The books, chapters, verses, colored text, and page numbers of the Bible are examples of metadata, that is, data that is not part of the content of the Bible, but rather serves to make it easier to locate things in the Bible. Most writings include at least some metadata, if only section headings and page numbers, and many kinds of specialized metadata have been developed for various kinds of written works.
Metadata may also be used to find things in multimedia objects. FIG. 1 shows how complex such objects may be. FIG. 1 is a representation of the various kinds of information contained in a digitized video program 101. The video program 101 is made up of a sequence of video frames 103. Within the video frames 103 are a number of different strata (105-117) of information. Some of this information is the actual content of the video; some is metadata. A stratum may further be divided into segments. One example of such segments is video clips; the video clip stratum is shown at 117; an example segment is shown at 121. Another example of a segment is a portion of speech stratum 113 containing one speaker, as shown at 123. Continuing with the other strata and beginning with keyframes stratum 105, to reduce the number of bits required to represent the video images, a number of different kinds of frames are used. Only keyframes 105 contain complete images; the other kinds of frames represent an image as changes with regard to a keyframe. CC stratum 107 is made up of closed-caption texts 107 summarizing the contents of the images and audio, so that people who cannot understand the audio portion can read the captions and determine what is going on.
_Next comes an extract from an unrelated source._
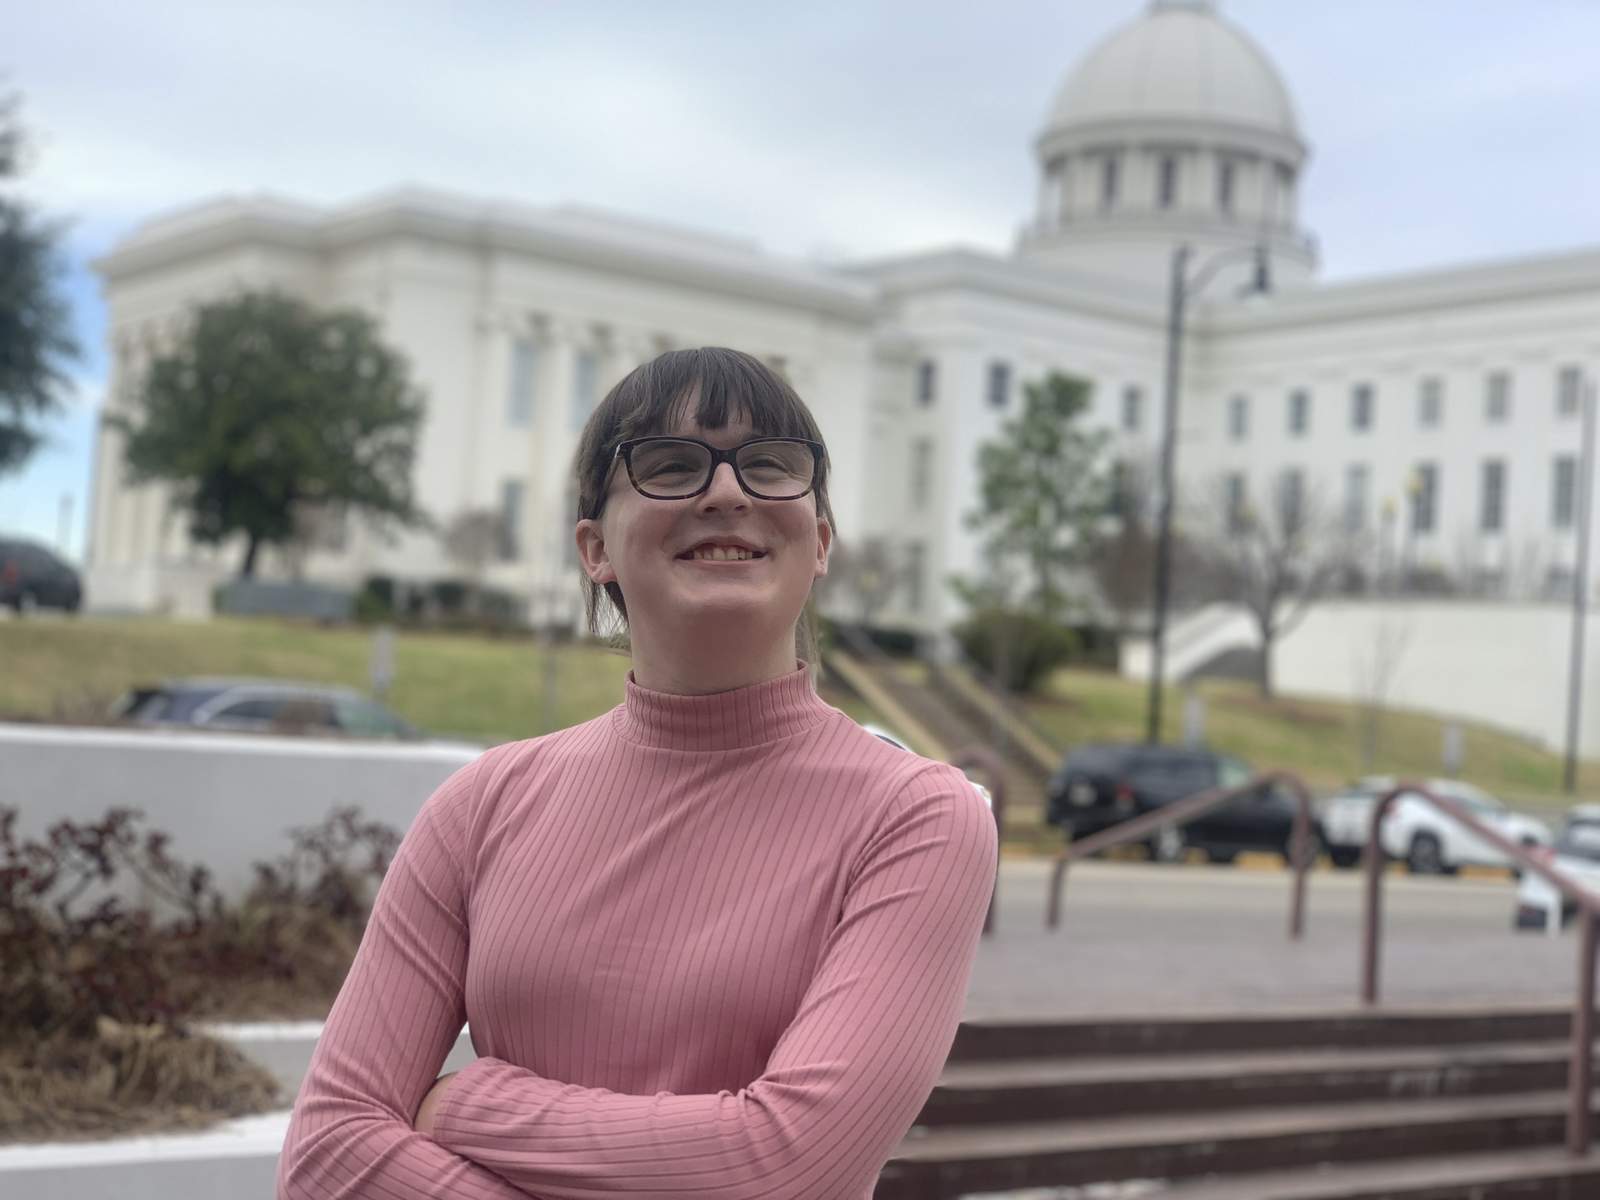 Trans teenagers fear Alabama push to outlaw gender treatment
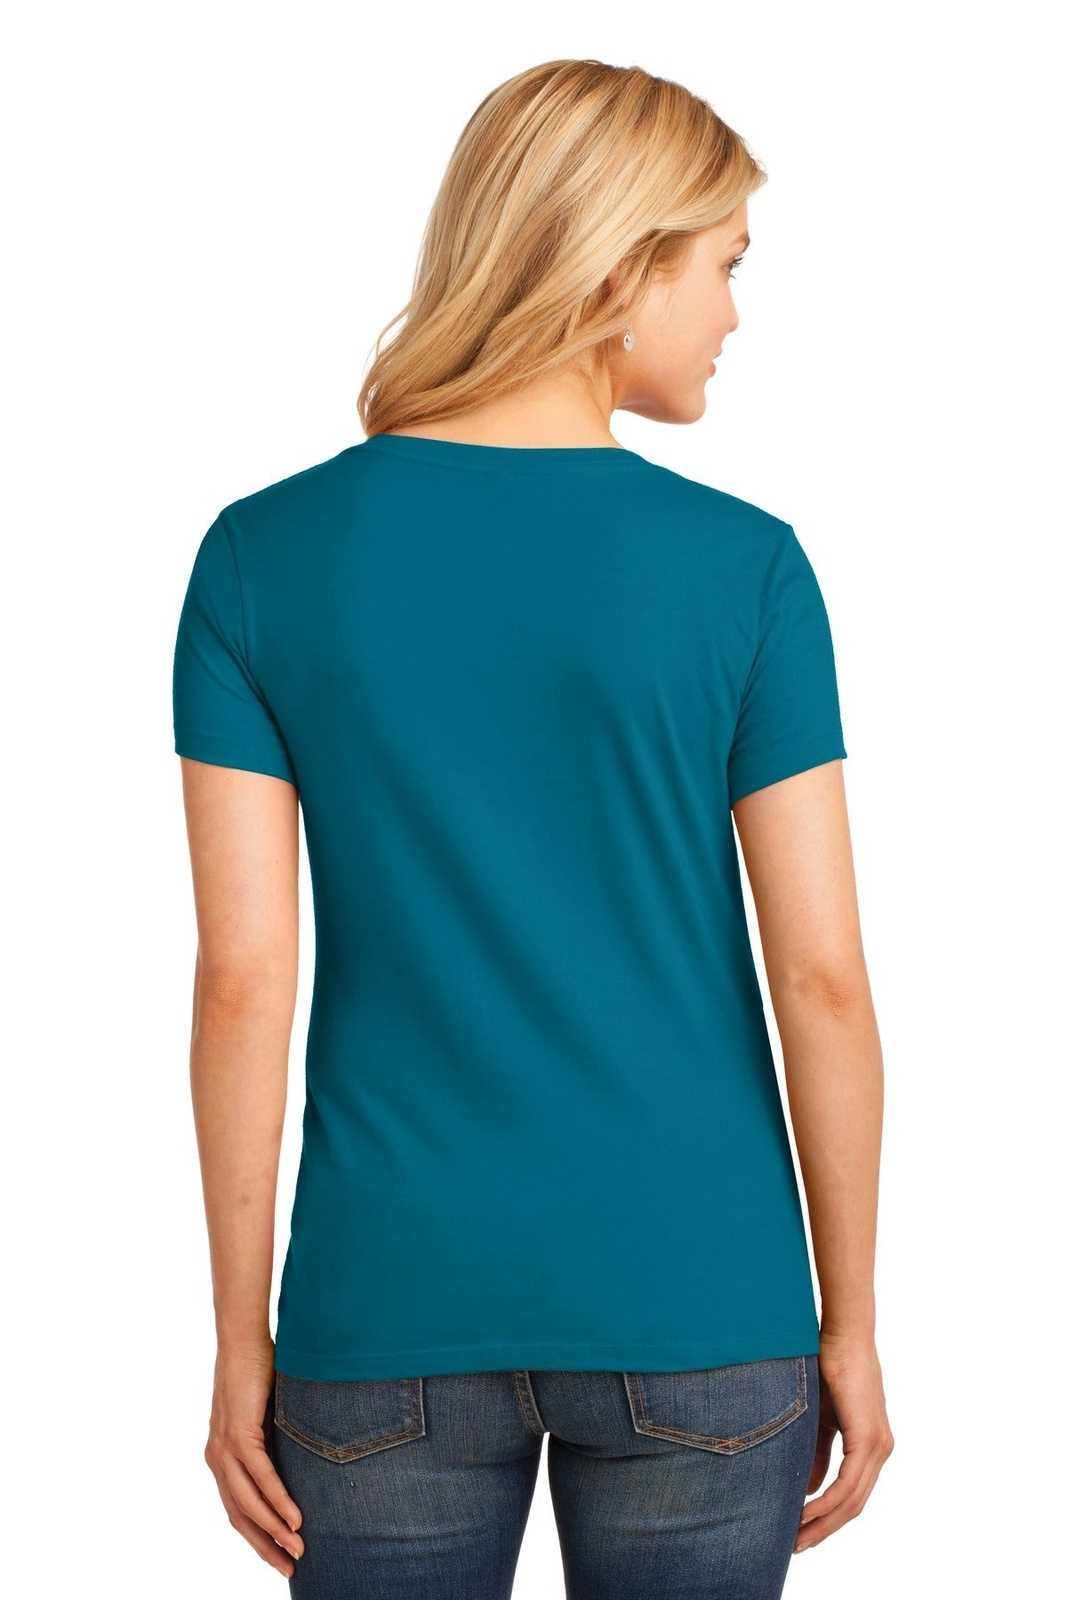 Port &amp; Company LPC54V Ladies Core Cotton V-Neck Tee - Teal - HIT a Double - 2

Stratum 109 is annotations, for example indications of copyright ownership of various portions of the video program. The audio portion of the video program may include two strata, one, speech, 113, which actually represents music or speech, and another, audio classes 119, which indicates what the current audio track is representing. Where a speaker is speaking, there may be a speaker identification stratum 115 identifying a segment of the audio. Clips stratum 117, finally, indicates segments of the video which may be used as clips.
As is apparent from the foregoing, some of the strata, for example clips 117, are themselves metadata with regard to the video itself; each of the strata, however, may have its own metadata. Many different kinds of metadata have been used with multimedia objects; an emerging standard in the area is the Dublin Core, described in Stuart Weibel, Jean Godby, Eric Miller, and Ron Daniel, OCLC/NSA Metadata Workshop Report, which was published in 1995 and could be found in March, 2000 on the Internet at www.oclc.org:5046/oclc/research/conferences/metadata/dublin_core_report.html.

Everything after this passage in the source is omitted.